Edgar Kosma

Écris-moi un bouquin

Edgar Kosma linktr.ee/edgarkosma

Au royaume des réseaux sociaux, les jours passent et ne se ressemblent pas. Entre les buzz et les likes, le vrai et le fake, Edgar Kosma scrolle le fil d’actu d’un siècle décidément étrange. Hashtag sans filtre.

L’autre soir, j’étais seul chez moi, avachi dans mon canapé, en train de caresser ma chienne Alice de la main gauche, matant distraitement une série Netflix de l’œil droit, tenant mon smartphone de la main droite tout en fixant son écran de l’œil gauche. Oui, j’avoue, ça paraît assez technique comme ça, mais en fait, ça va. Et pile quand mon niveau de concentration commence à se disloquer, je vois passer cette info sur mon fil Twitter: «Des centaines de livres écrits par ChatGPT inonderaient déjà le Kindle Store d’Amazon.» Moi qui écris depuis bientôt vingt ans, qui ai publié plusieurs romans, quatre bandes dessinées, même un peu de poésie, qui ai été à la barre d’une petite maison d’édition et qui me suis toujours fait une grande idée de la littérature, je n’avais jamais imaginé lire une telle suite de mots de mon vivant.

‘La question, c’est: peut-on parler d’un vrai roman?’

J’ouvre l’article en question, où j’apprends qu’un certain Brett Schicker a publié un livre pour enfants de 30 pages intitulé Sammy l’écureuil. Un ouvrage vendu 2,99 dollars en support numérique et 9,99 dollars en version papier. J’y lis aussi qu’en quelques heures, le livre aurait rapporté une centaine de dollars à l’auteur. OK, jusqu’ici, les mots correspondent toujours à ceux que je connais, mais c’est à la ligne d’après que ça dérape: Brett Schicker aurait écrit Sammy l’écureuil à l’aide du fameux robot conversationnel. Et un peu plus bas, j’apprends que ce cas est loin d’être isolé, comme l’annonçait déjà le titre de l’article.

Connaissant le temps d’écriture d’un livre, comment accepter qu’un «auteur» sans scrupule en génère plusieurs par jour à l’aide d’une IA et les téléverse dans le même temps sur le Kindle Store ou toute autre librairie en ligne? Si je place des guillemets autour du mot «auteur», c’est parce que dans ce nouveau modèle, son rôle n’est plus d’inventer une histoire et de la rédiger de A à Z, mais de se contenter de fournir des indications à l’IA. Un peu comme un coach au football qui donne les consignes dans le vestiaire. Ici, les consignes sont: le genre, le public, le ton, le style, l’époque, la ville, le nombre de personnages, de chapitres et de pages souhaités… Puis, d’un coup de baguette de clic, on envoie la requête, juste le temps d’aller se préparer un espresso, revenir et copier-coller le résultat tandis que le café fume encore.

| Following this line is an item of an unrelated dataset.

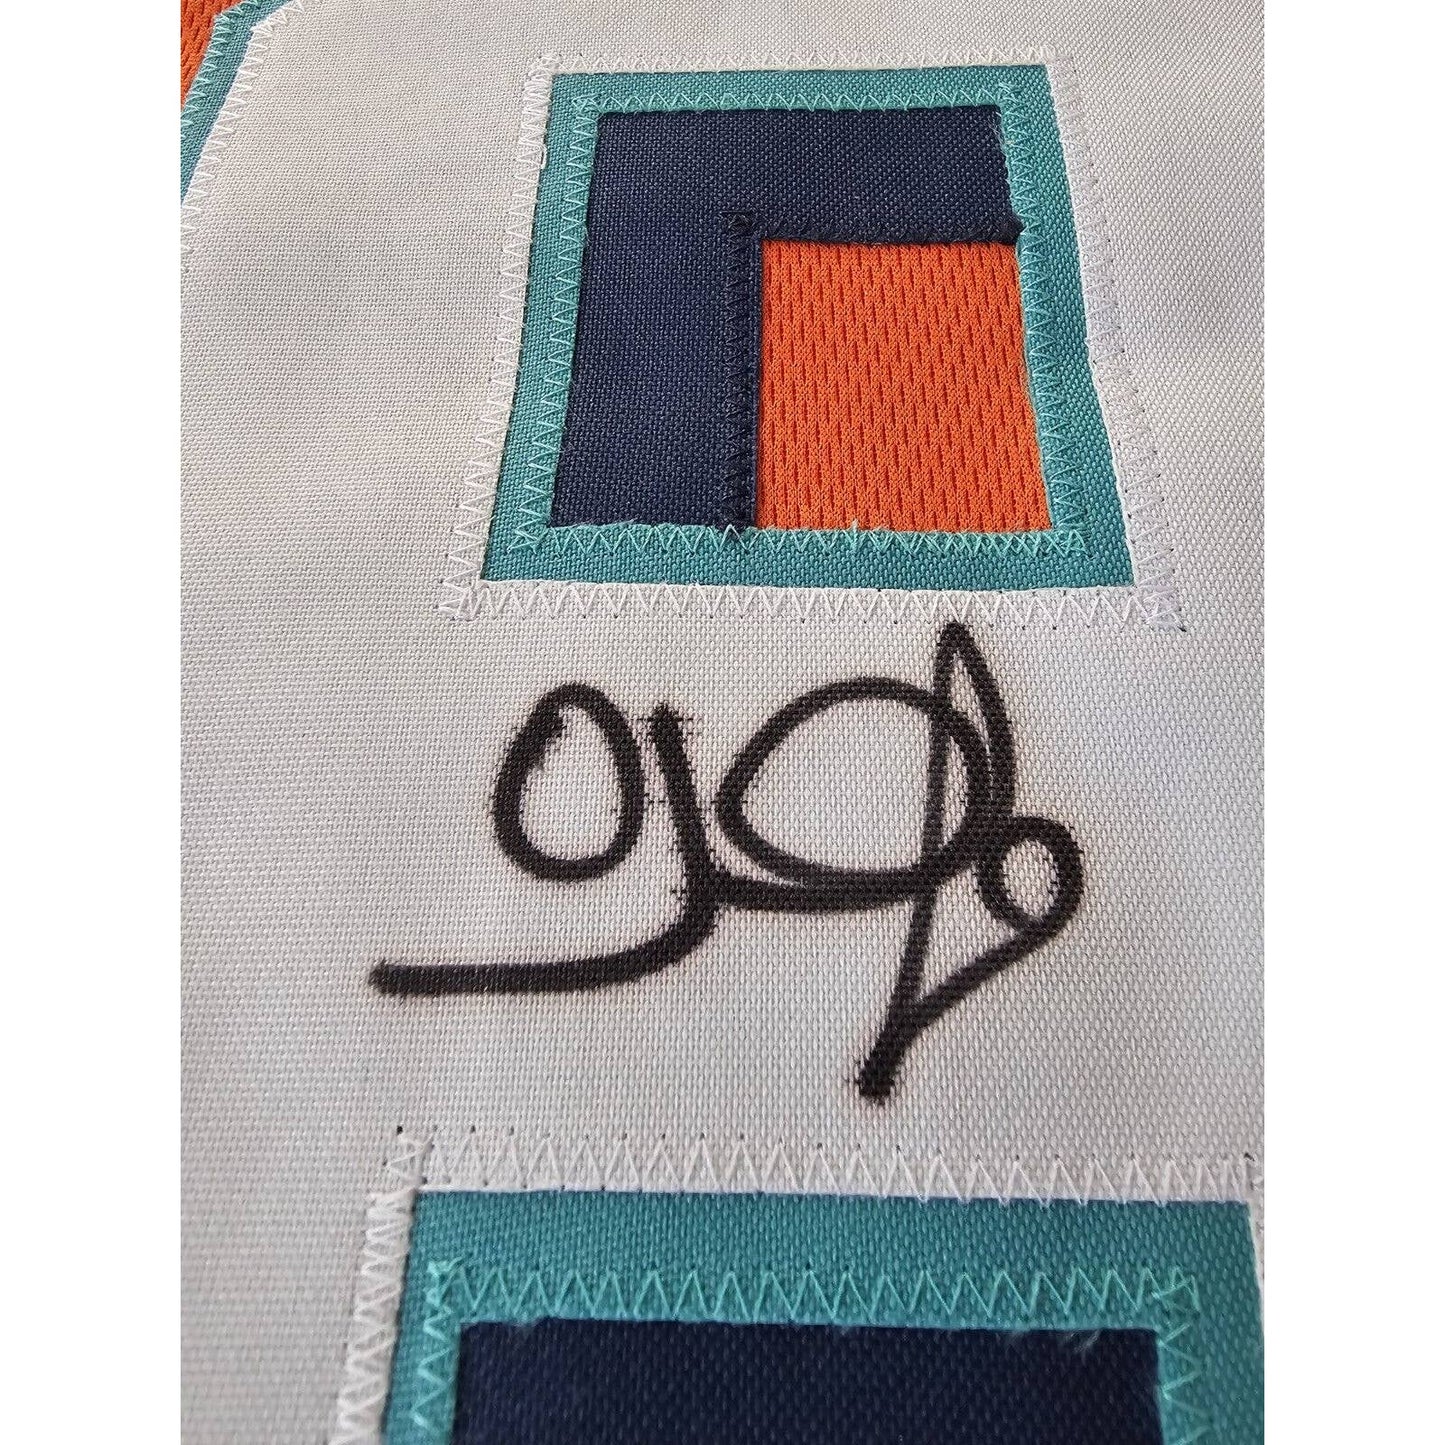 OJ McDuffie Autographed/Signed Jersey JSA Sticker Miami Dolphins O.J.

Cela vaut-il la peine de dépenser si peu d’énergie pour quelques centaines d’euros par livre? Il faut savoir que «quelques centaines d’euros par livre» correspond justement à ce qu’une très grande majorité des auteurs gagnent chaque année comme droits sur les ventes de leurs œuvres. Gagner «quelques centaines d’euros par livre» et plusieurs fois par jour peut donc s’avérer une activité nettement plus lucrative que de se casser la tête à écrire le bouquin soi-même. On peut craindre, dès lors, que le nombre de ces productions ne passe très vite de centaines à milliers.

Bref, je vous parle d’argent, mais la question à la hauteur du débat n’est-elle pas: peut-on parler d’un vrai roman? Si l’on part de l’idée, grossièrement résumée, que le roman a pour fonction de nous dépeindre la complexité humaine et les tréfonds de son âme, l’IA va peut-être écrire un très bon roman de gare ou de plage, mais pourra-t-elle un jour créer une Insoutenable légèreté de l’être, une Métamorphose ou une Recherche du temps perdu?

Après tout, ces deux types de littérature ont toujours coexisté. Mais dans le cas présent, ne faudra-t-il pas un minimum de transparence? Un rayon à part pour les livres écrits par une IA? Ou un label «Made by AI» sur la couverture? Lequel pourrait en rebuter certains, mais, qui sait, il y aura peut-être là, dans un futur pas si lointain, un filon pour les lecteurs misanthropes:

— Je peux vous aider? demandera le robot-vendeur de la librairie.

— Je cherche un roman sans personnage et qui n’a pas été écrit par un humain…

— Le rayon est au fond à droite, Monsieur, à côté des livres écrits par des clones d’enfants HP!